Sunday, March 2, 2008

Fort Worthians really turn out

By Jim Lane

One of my union buddies called me to brag about the amazing early voter turnout in Tarrant County, which is just West of Dallas and includes the City of Fort Worth. Tarrant County is nearly as big as Dallas, but they have remained mostly Republican while Dallas went overwhelmingly Democratic in 2006, and they are still a bit sour about it and hoping to change.

An estimated 123,352 Tarrant County voters voted during the early voting week. Seventy percent of them were Democrats, my friend told me excitedly. For the same period in the 2004 presidential race, only 17,543 voted in total. That's a 700 percent increase, and most of those 2004 voters were supporting George W. Bush. My friend was justifiably proud of his county, and especially pleased to have been politically active with the union through bad times and, now, pretty good times.

I was glad for my friend but, being from Dallas, I checked some of the figures on the Secretary of State's page. Truly, Tarrant County had done well, with 7.7 percent of the electorate having voted Democrat before the final day of early voting. The Republicans only got 3.2 percent in Tarrant. The final day, incidentally, was a blockbuster. Some of the Texas polling stations had to stay open more than an hour after closing time, because of the lines.

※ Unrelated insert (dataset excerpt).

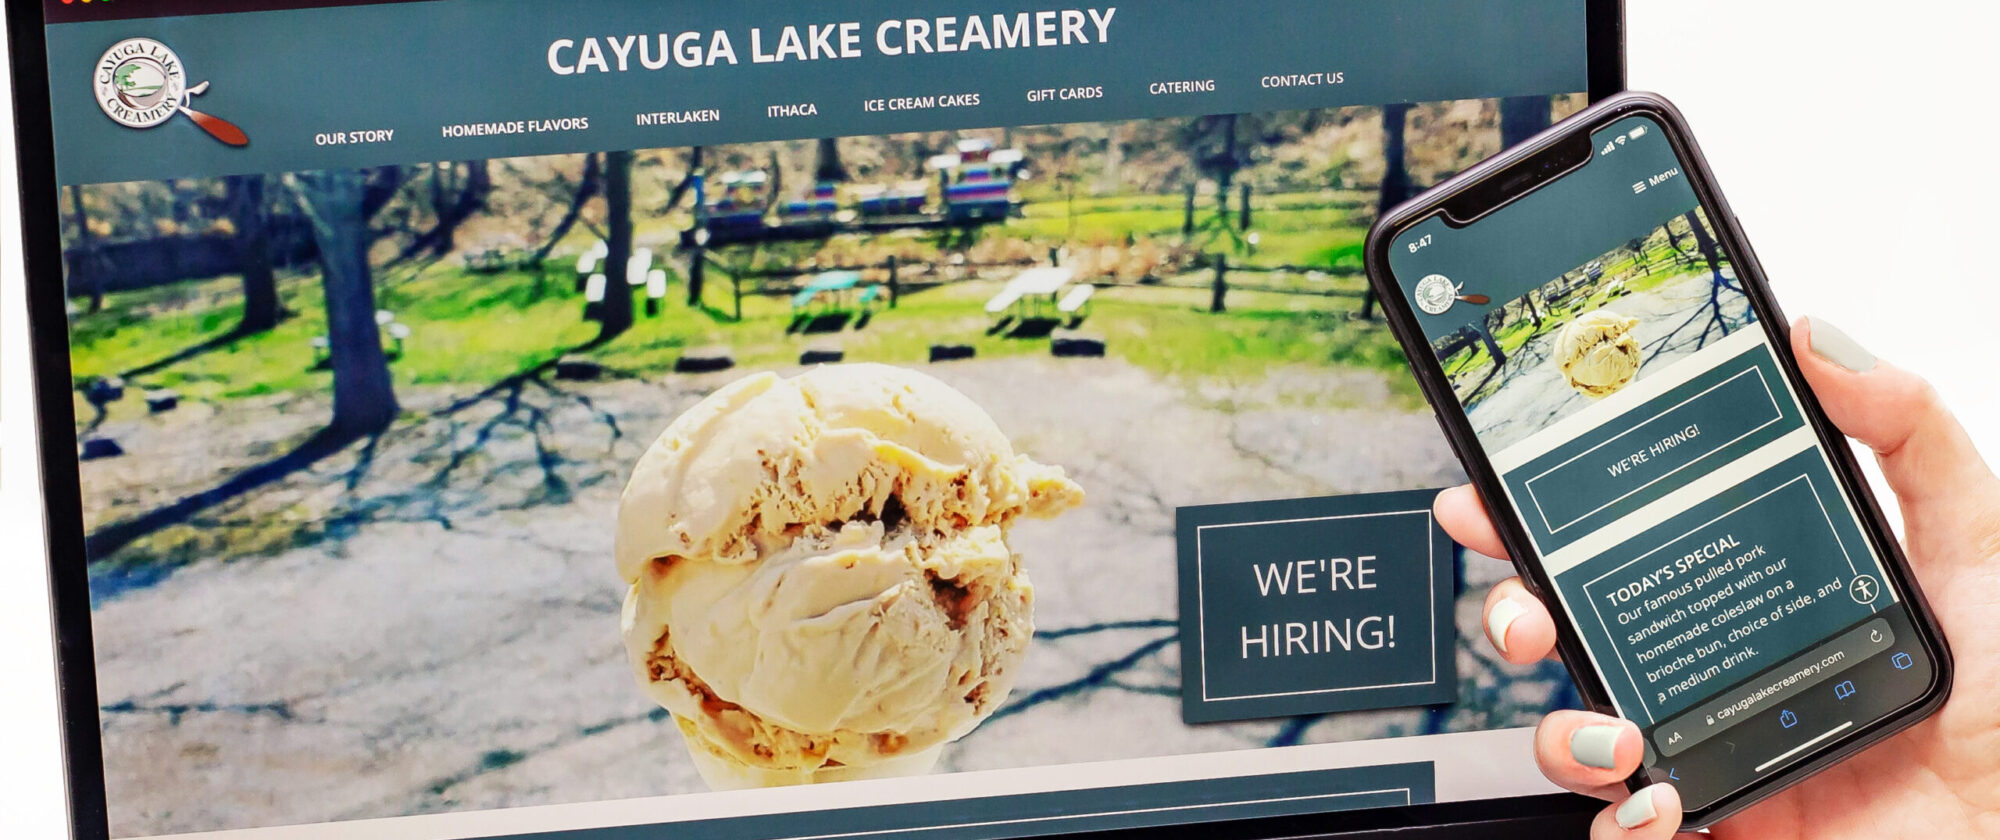 Cayuga Lake Creamery News Website Launch
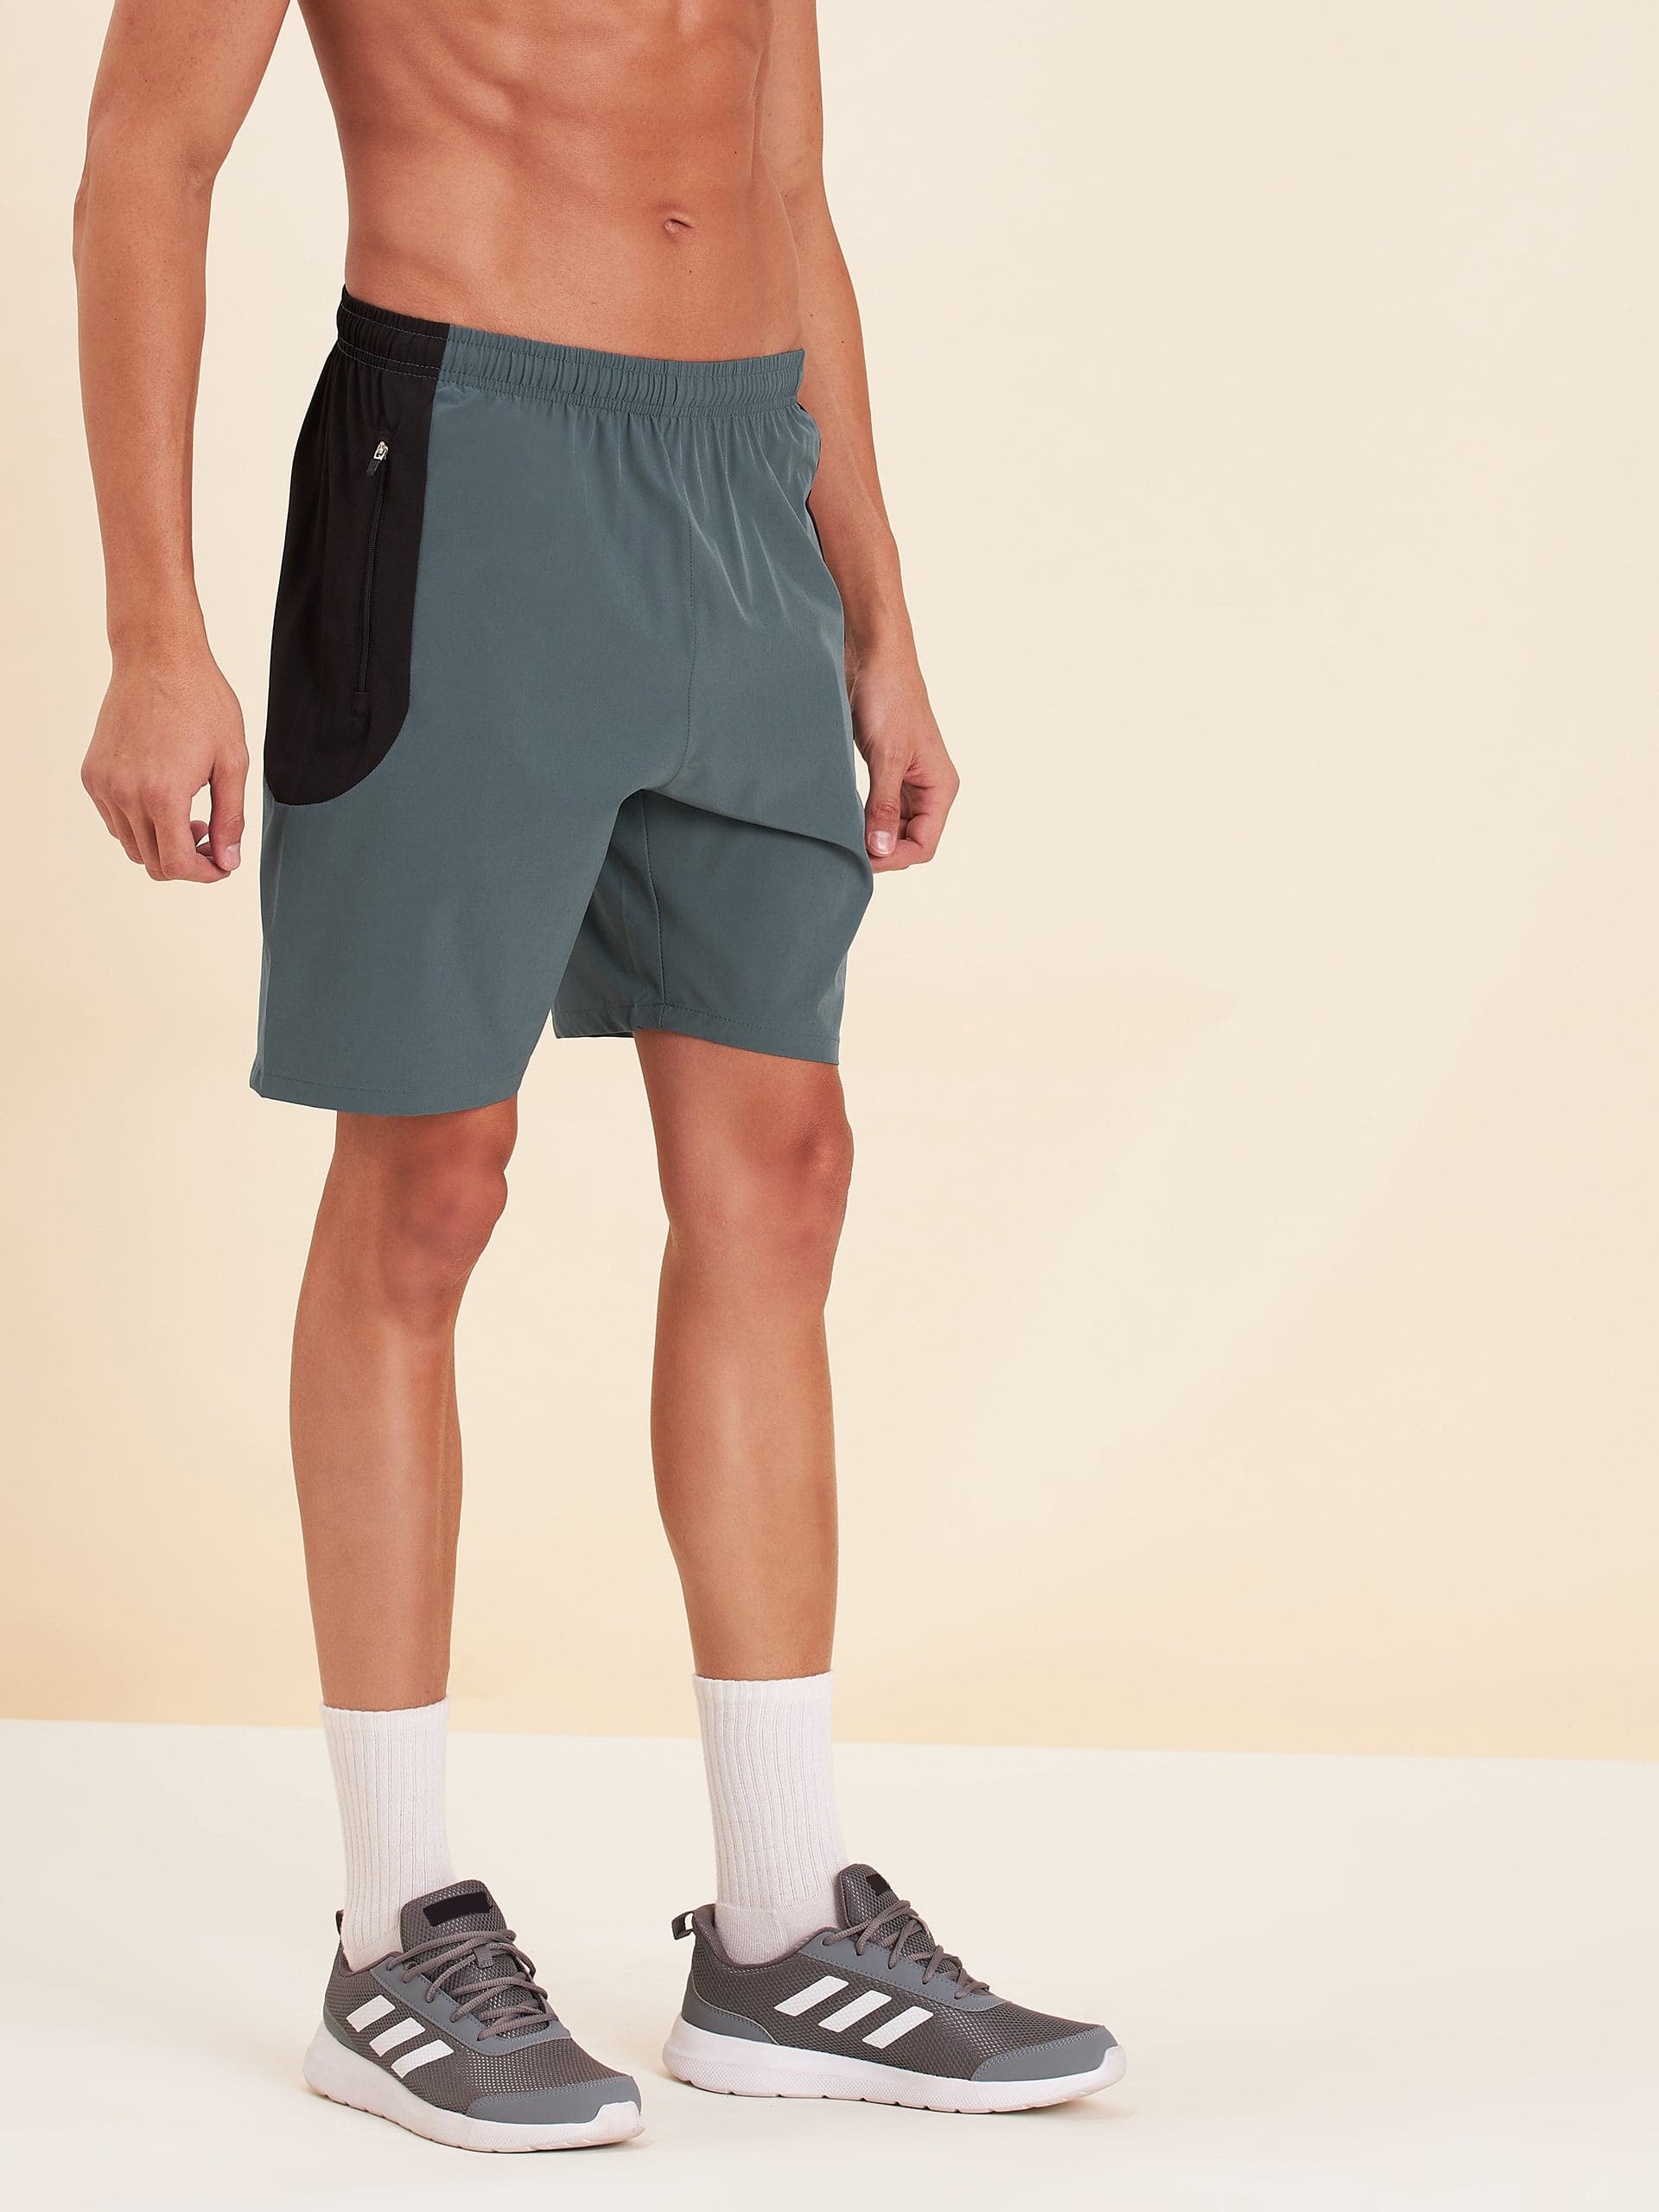 Men's Teal Blue & Black Dry Fit Shorts - LYUSH-MASCLN

But, Dallas had beat Tarrant, as I suspected, with 8.9 percent of more than 1.1 million voters going Democrat before that final day. The Republicans only got 2.5 percent.

It's pretty much the same statewide. The Secretary of State has predicted a record 30 percent turnout for the primary election. He expects another record in November. The Texas AFL-CIO has revealed that Democrats are beating Republicans 3 to 1 in this ostensibly "red" state, and that Democrats invariably improve their totals in the general elections. Republican office holders are noting that they got into office with fewer general election votes than the Democrats are now turning out in the primaries!

There seems to be no news about the oddball candidates. Gene Kelly, the political weirdo not the dancer and movie star, is using his name recognition again, as he has for decades, to force Texas Democrats into expensive runoff elections. This time, his victim is labor's choice for U.S. Senate, Rick Noriega. I only had one friend, a peace activist, call me to comment on Cynthia McKinney's race in the Green Party. I worry about my idealistic peace friends, whose single-minded and very courageous devotion to abstract ideals often leads them dangerously toward isolation.

No mention of Ralph Nader has come to my ears except for a satire on Garrison Keillor's radio program. Keillor's cowboy character, Lefty, asked the Nader character why he was running for president. Nader replied, "Why, because it irritates people. That's what I do, I irritate people" Lefty made his position clear: "I guess I ought to think more highly of chiggers and mosquitoes then." Dusty, Lefty's irascible cowboy partner, gets the Nader character to look at horse's tail until he falls into a hypnotic trance, then says, "He's been in one for the last ten years." Lefty ends by singing a yodeling cowboy song with the punch line, "Ralph Nader, get away from me!"